> _What the task requires_
Of all the lines below, return only those starting with the line holding "外国人風 パーマ オフィス" and going on through the line holding "圖1 正當防衛必須符合哪些條件?||資料來源:洪偉修 / 繪圖:Yen", exactly as written.

> _Material provided_
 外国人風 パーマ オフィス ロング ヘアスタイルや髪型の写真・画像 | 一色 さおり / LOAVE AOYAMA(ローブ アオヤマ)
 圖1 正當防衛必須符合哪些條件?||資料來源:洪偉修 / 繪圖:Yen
...
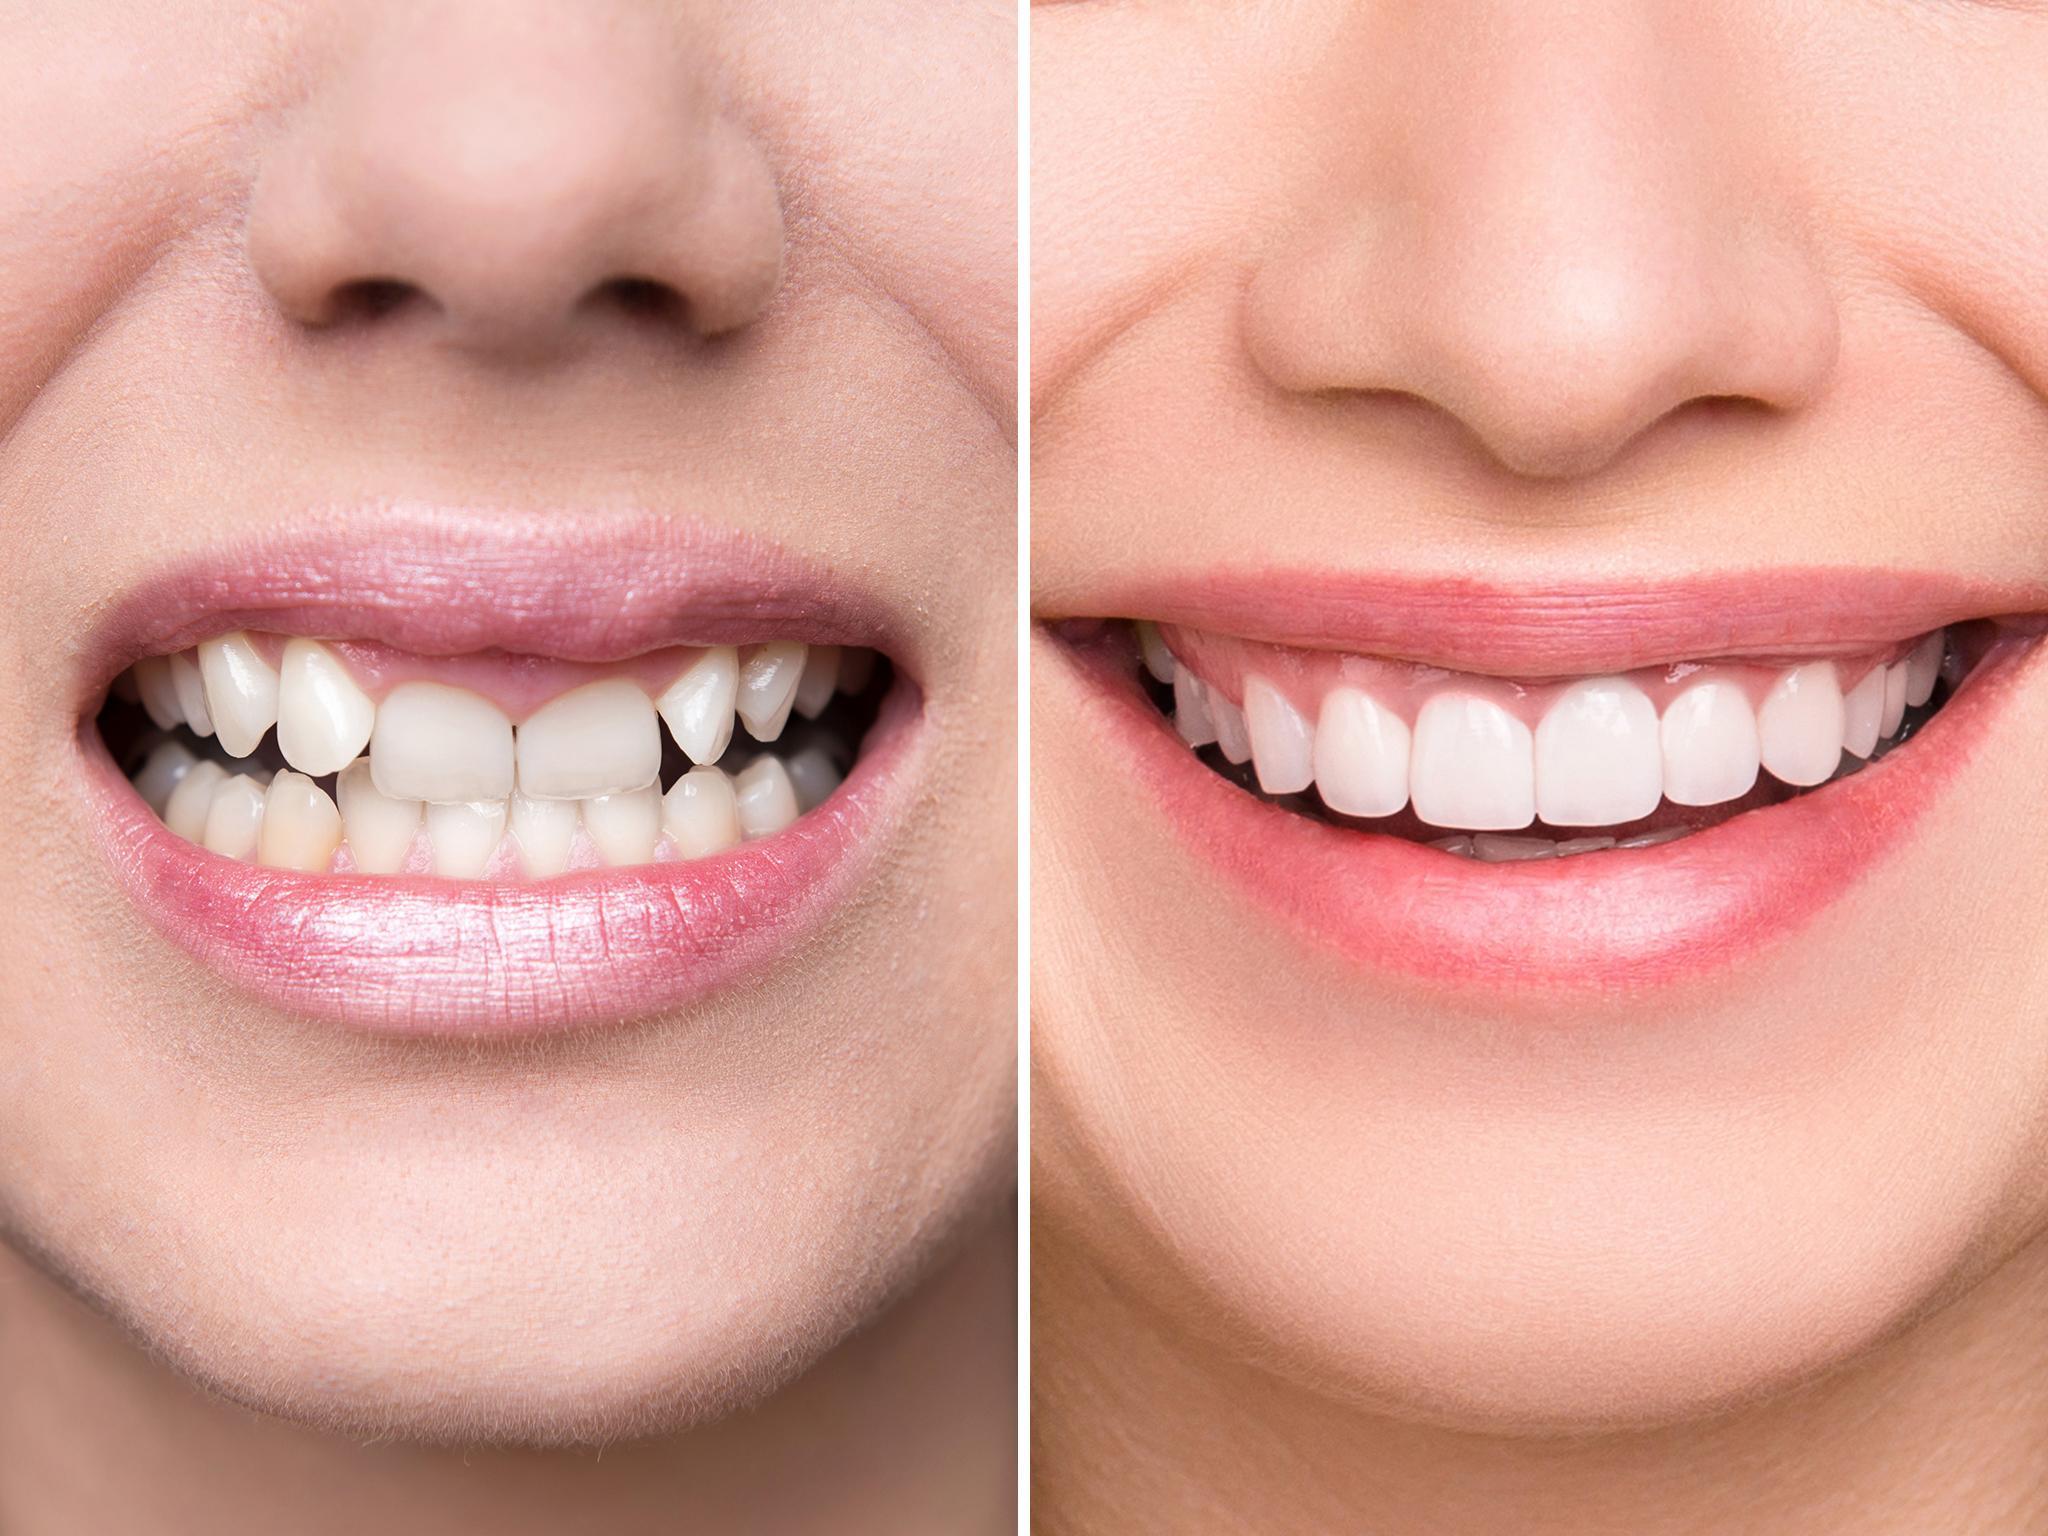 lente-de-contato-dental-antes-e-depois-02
...
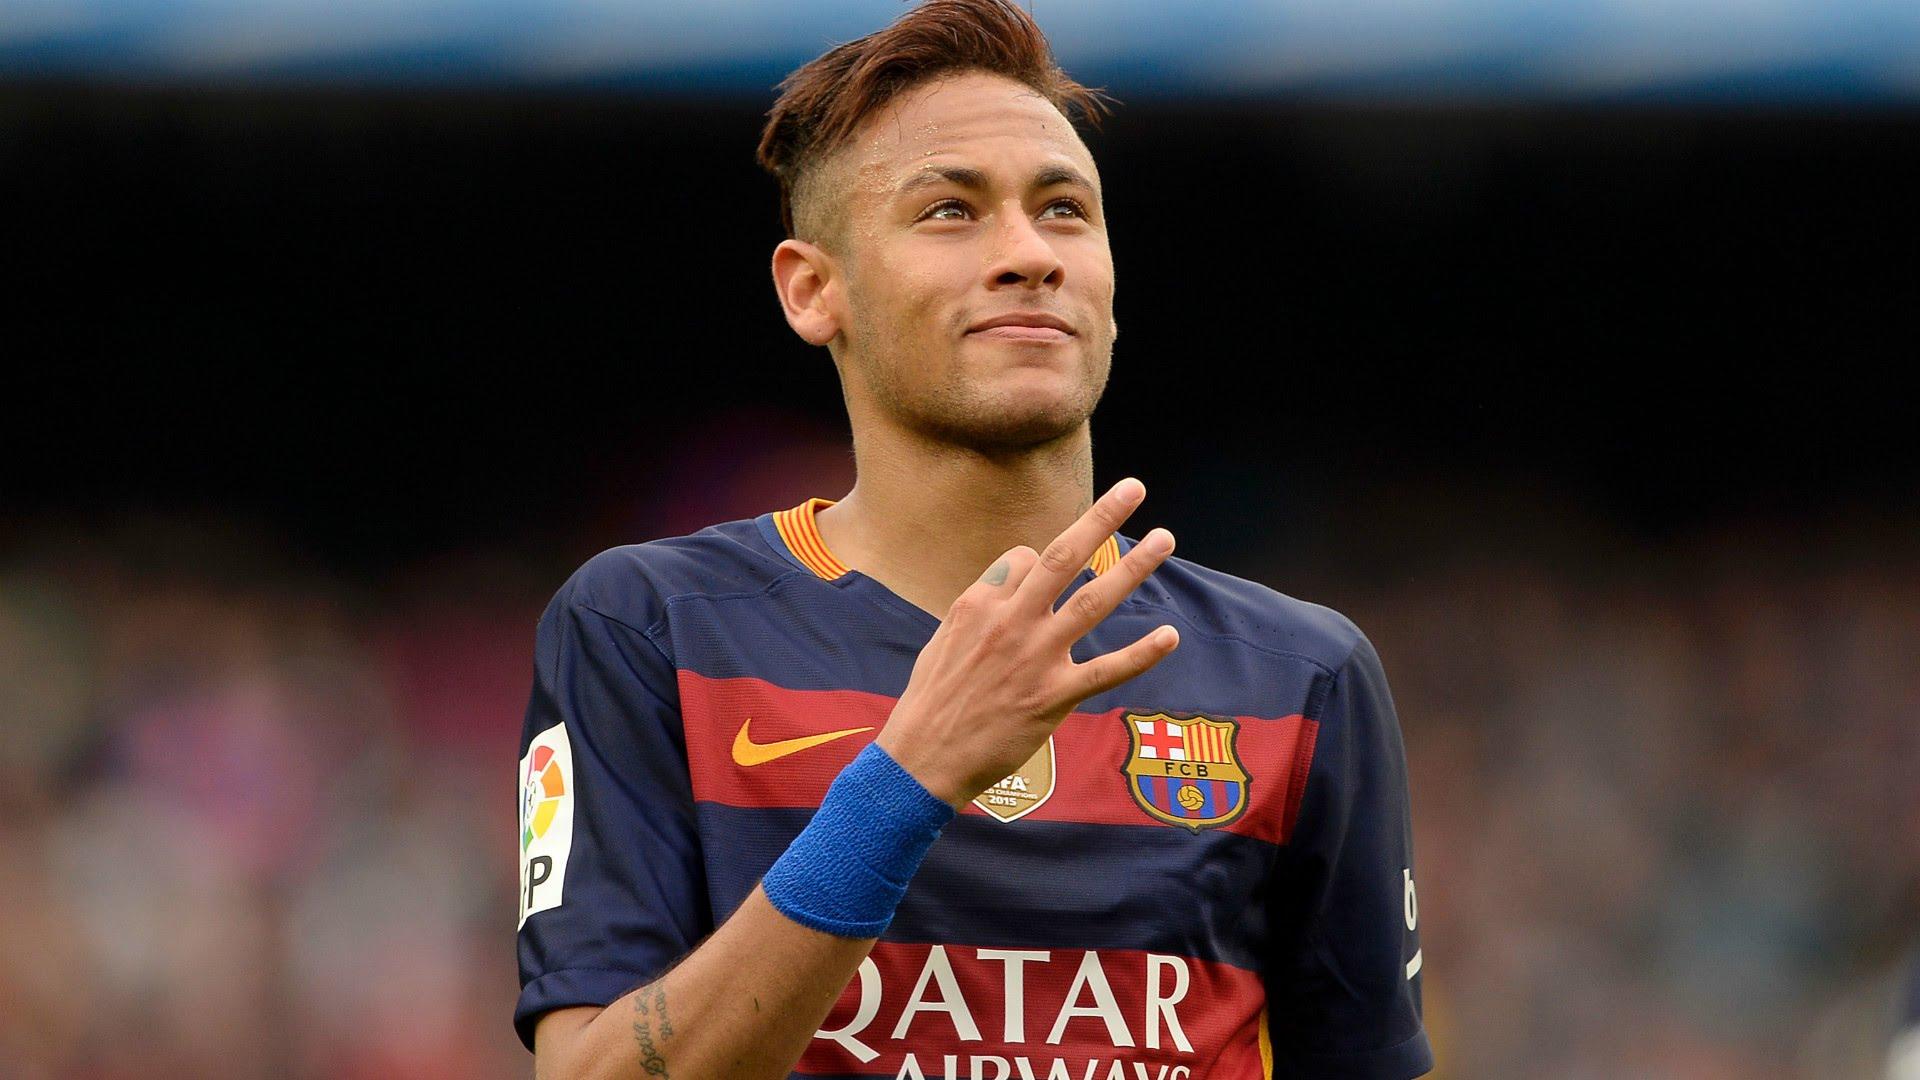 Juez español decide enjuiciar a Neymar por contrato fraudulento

> _Solution to this problem_
 外国人風 パーマ オフィス ロング ヘアスタイルや髪型の写真・画像 | 一色 さおり / LOAVE AOYAMA(ローブ アオヤマ)
 圖1 正當防衛必須符合哪些條件?||資料來源:洪偉修 / 繪圖:Yen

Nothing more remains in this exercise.